Proof explanation of an inverse function theorem 
Let $I\neq\emptyset$ be an open interval and $f:I\to\mathbb{R}$ a continuous and injective function. If $f$ is differentiable at $x_0\in I$ and $f'(x_0)\neq 0$, then $f^{-1}$ is differentiable at $f'(x_0):=y_0$ and we have that $$ (f^{-1})'(y_0)=\frac{1}{f'(x_0)}=\frac{1}{f'(f^{-1}(y_0))}.$$

Proof:
Note that $f(I)$ is an interval, $f:I\to\mathbb{R}$ is an homomorphism, and $f^{-1}:J\to I$ is continuous.
Now, $f$ and $f^{-1}$ are strictly monotonic (by a a lemma we previously proved).
Let $(y_n)\in J\setminus\{y_0\}$ be any sequence such that $y_n\to y_0$, and let $x_n=f^{-1}(y_n)$.
The continuity and injectivity of $f^{-1}$ implies that $(x_n)$ is a sequence in $I\setminus\{x_0\}$ such that $x_n\to x_0$.
Since $f$ is differentiable at $x_0$ and $f^{-1}(x_0)\neq 0$, then we have $$\displaystyle\lim_{n\to\infty}\frac{f^{-1}(x_n)-f^{-1}(x_0)}{y_n-y_0}=\displaystyle\lim_{n\to\infty}\frac{x_n-x_0}{f(x_n)-f(x_0)}=\frac{1}{f'(x_0)}.$$
What I don't understand is how the continuity and injectivity of $f^{-1}$ implies that $(x_n)$ is a sequence in $I\setminus\{x_0\}$ such that $x_n\to x_0$, and how to go from $\displaystyle\lim_{n\to\infty}\frac{x_n-x_0}{f(x_n)-f(x_0)}$ to $\frac{1}{f'(x_0)}$. Any help is welcome
 A: Well, each $x_n = f^{-1}(y_n)$. So since $f^{-1} : J \to I$, we at least have $x_n \in I$. Also, each $y_n \neq y_0$ (because $y_n$ was chosen from $J \setminus \{y_0\}$). So, by definition of injectivity,
$$
x_n = f^{-1}(y_n) \neq f^{-1}(y_0) = x_0
$$ Thus, $x_n \neq x_0$ and so $x_n \in I \setminus \{x_0\}$. Finally, because $f^{-1}$ is continuous, it commutes with limits:
$$
x_0 = f^{-1}(y_0) = f^{-1}(\lim_{n \to \infty}y_n) = \lim_{n \to \infty}f^{-1}(y_n) = \lim_{n \to \infty}x_n
$$ So $x_n \to x_0$.
Next, let $L := f'(x_0)$ and let $D(x) := \frac{f(x) - f(x_0)}{x - x_0}$. This is a function $D : I \setminus \{x_0\} \to \mathbb{R}$. $x_0$ is not in the domain of $D$ but it is still an adherent point of that domain.
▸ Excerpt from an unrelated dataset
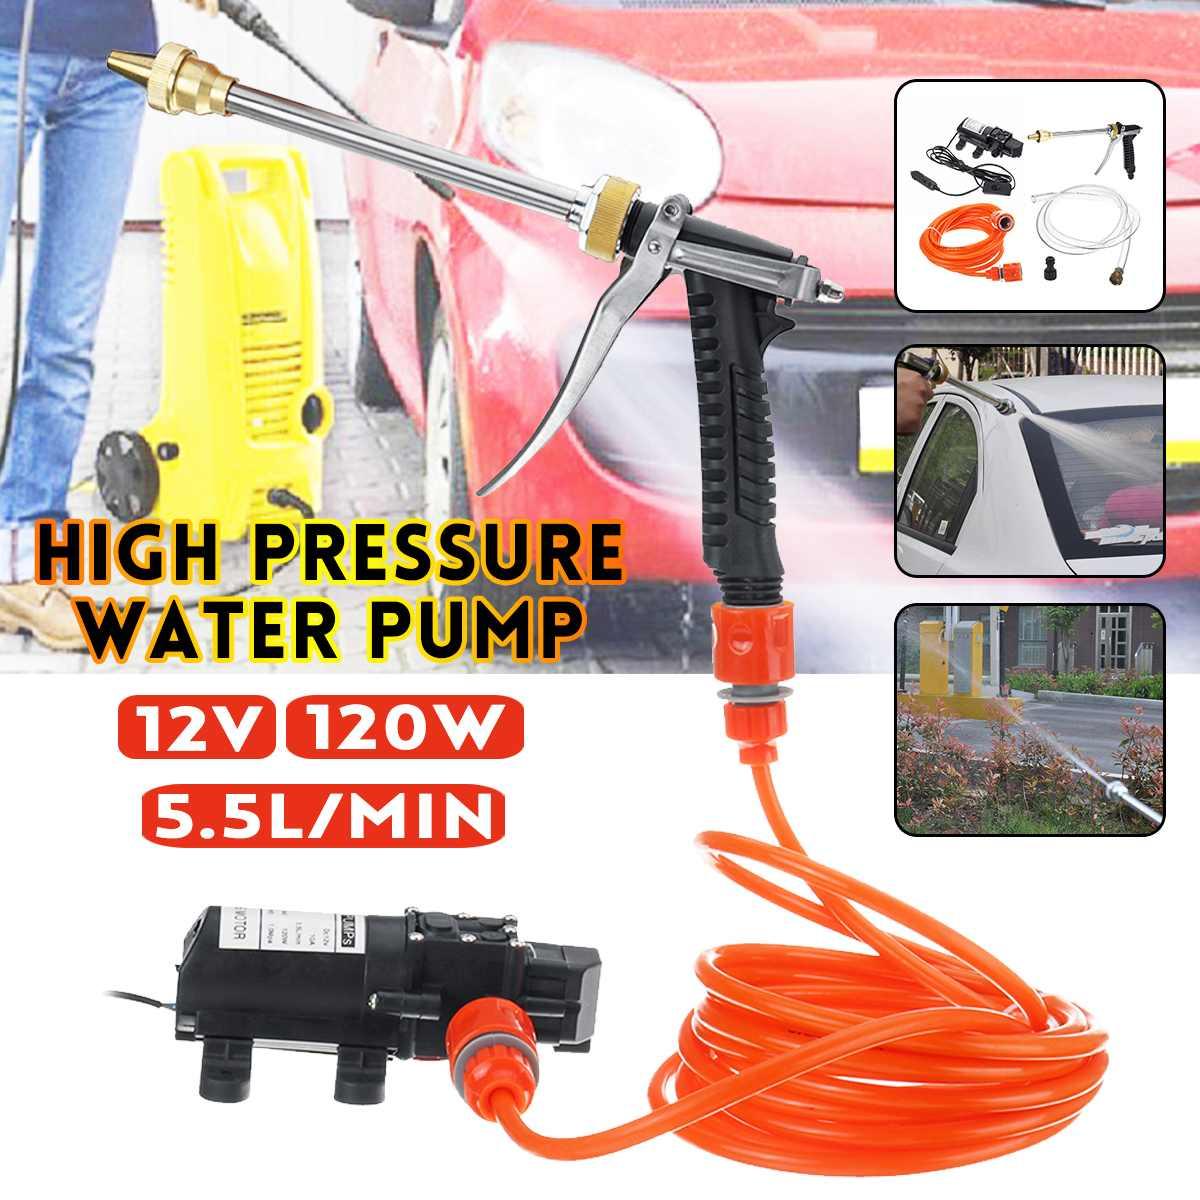 12V 120W Car Washer Pump High Pressure Car Electric Washer Wash Pump Set Portable Auto Washing Machine Kit Washer Sprayer

So $\lim\limits_{x \to x_0; x \in I \setminus \{x_0\}}D(x)$ makes sense and, in fact, this limit is just $L$. In other words, $D(x)$ converges to $L$ at $x_0$ in $I \setminus \{x_0\}$. Or equivalently, by the sequential criterion for convergence:
If $x_n \to x_0$ where $x_n$ is in the domain of $D$ (i.e. $I \setminus \{x_0\}$), then $D(x_n) \to L$.
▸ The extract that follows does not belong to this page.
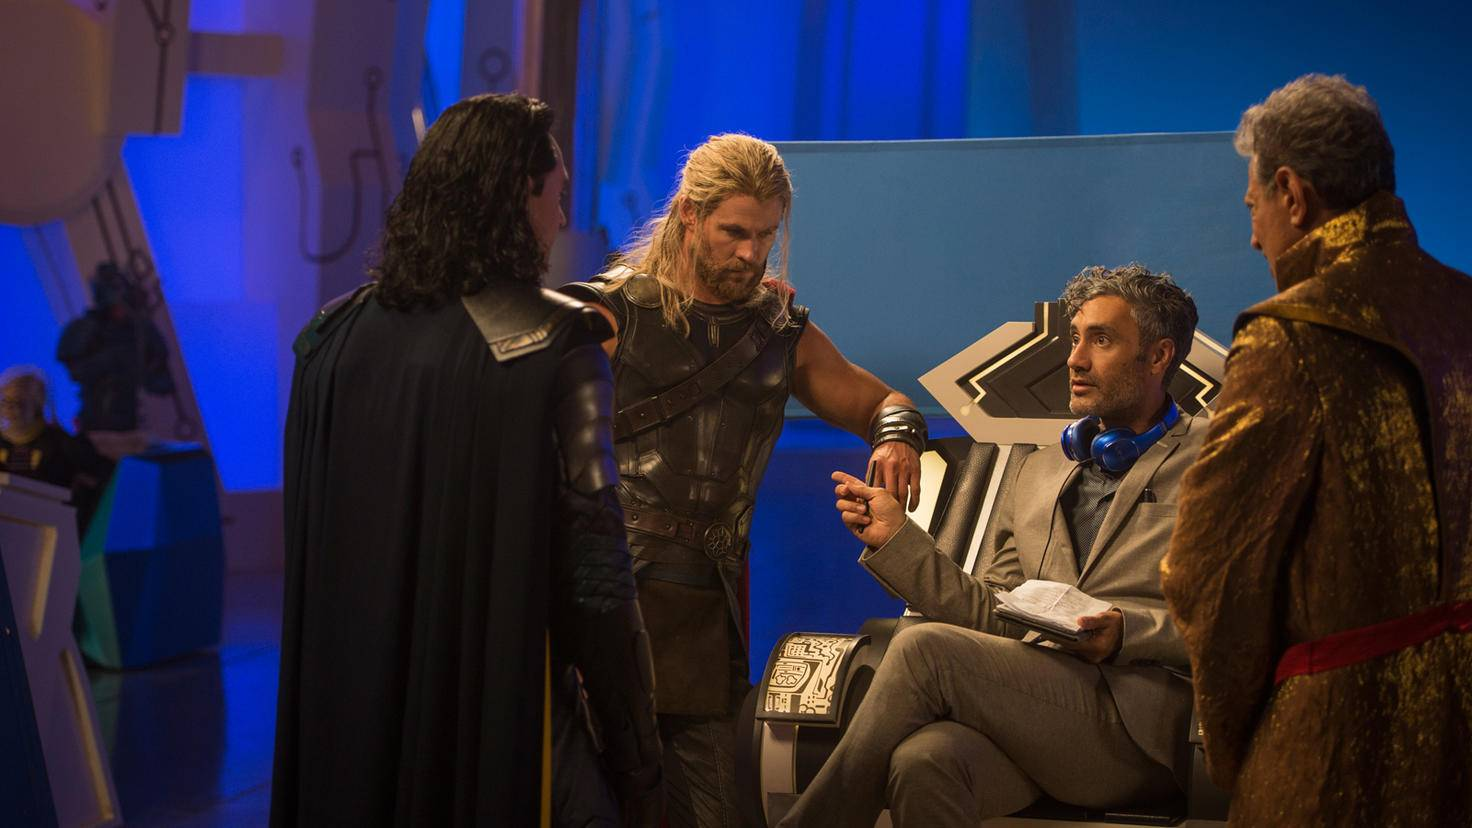 Thor 3 director Taika Waititi

As a result, $\lim\limits_{n \to \infty} D(x_n) = L$. So, as long as $D(x_n) \neq 0$ and $L \neq 0$, we also have
$$
\lim_{n \to \infty} \frac{x_n - x_0}{f(x_n) - f(x_0)} = \lim_{n \to \infty} \frac{1}{D(x_n)} = \frac{1}{L} = \frac{1}{f'(x_0)}
$$ by elementary limit laws for sequences. But lo and behold, we indeed have $L = f'(x_0) \neq 0$ and $D(x_n) = \frac{f(x_n) - f(x_0)}{x_n - x_0} \neq 0$ because the numerator is non-zero: $f(x_n) = y_n \neq y_0 = f(x_0)$.